My mother died on the day that my father planned to leave the family for good. In retrospect I know that he intended to start a new life for himself in Kentucky without my mother or my brother and me. Was he anxious or exhilarated when he left the house that April morning, relieved or scared? Or some other emotion I cannot even imagine? If on that day my grandmother knew what my mother would do, he may have too, but I’m not sure, because unlike my shrewd grandmother, he was an optimist. After he left, my mother bought the gun, drove to the park by the lake, stepped out of her car, and pulled the trigger. My grandparents, who knew it would happen, were taking care of my brother and me. When Dad found out, he came back for us.

In memory I was alone downstairs in the newly renovated den, killing time with this spinning game, when my dad arrived and the house began to fill with neighbors and my parents’ friends.
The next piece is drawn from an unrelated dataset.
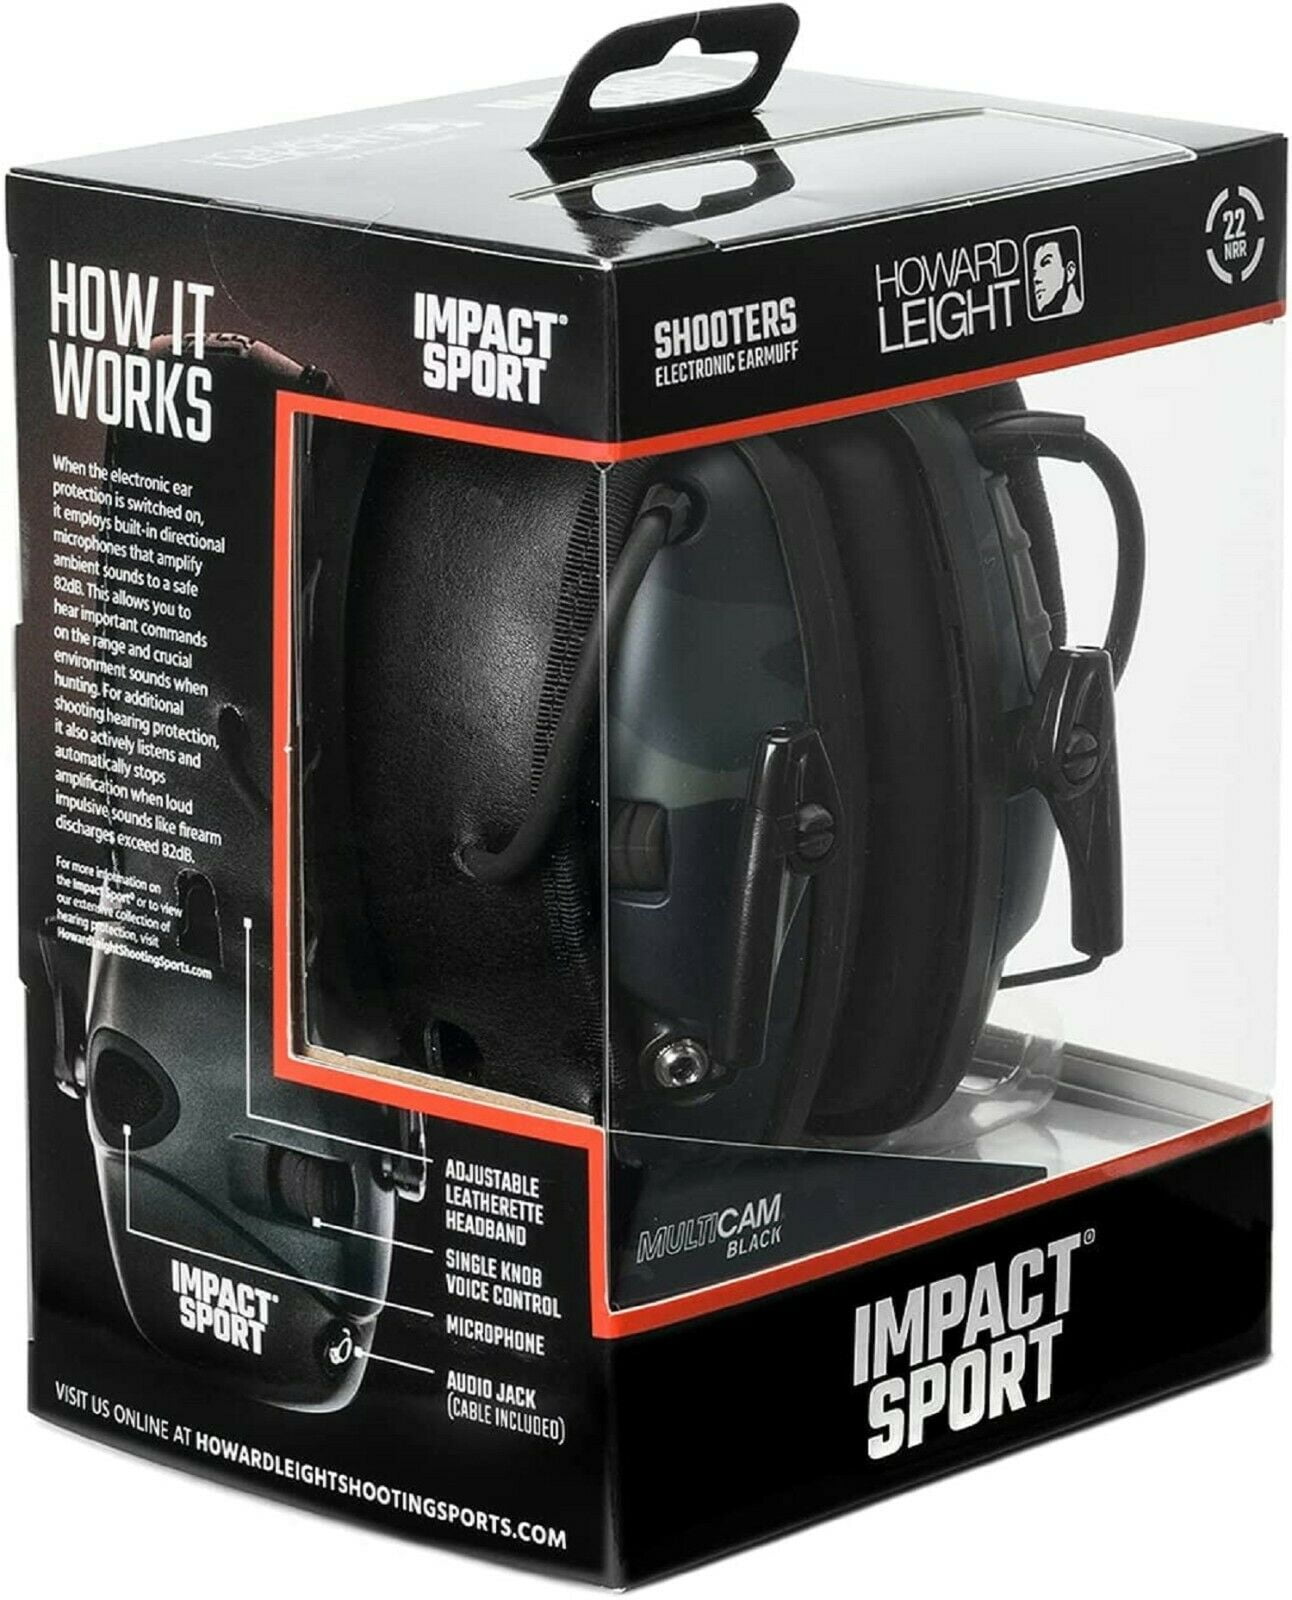 Howard Leight Impact Sport Electronic Ear Muff NRR 22 Classic OD Green 
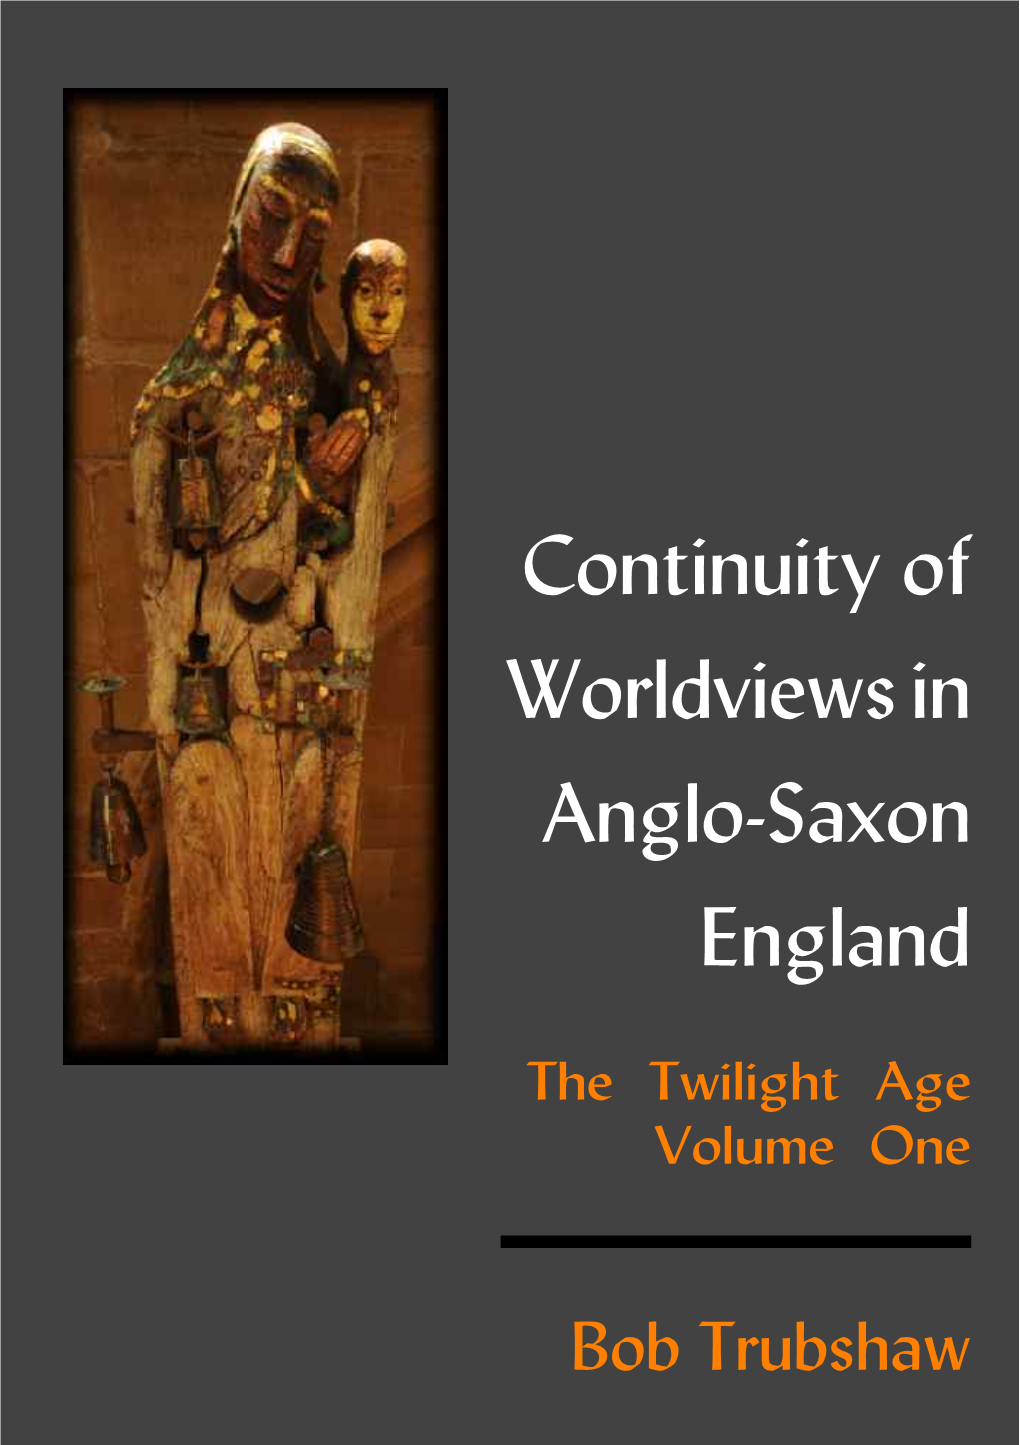 Continuity of Worldviews in Anglo-Saxon England

I heard the ringing doorbell of each new arrival. The hushed greetings. The whispers. The shuffle of feet over carpet as adults overhead approached each other. I am pretty sure that no one had told me what had happened yet. Dad would do that when we were on the train going to Kentucky. But I knew
something
, because I hid under the stairs in my favorite hideaway, where I kept some toys like the balsa
Jetfire
, and sat there a long time before anyone noticed my absence. The points of the nails that had been used to secure the treads to the risers of the stairway protruded overhead. Like stars they glittered in the crawlspace, and I looked into them as I listened to the groan in the floorboards. Suddenly it grew silent, and I heard my father call for me. At first his voice was a question, but then, freighted with all the tension of that day, it became a barked command. Soon others joined in, their anxious voices a keening chorus on my name.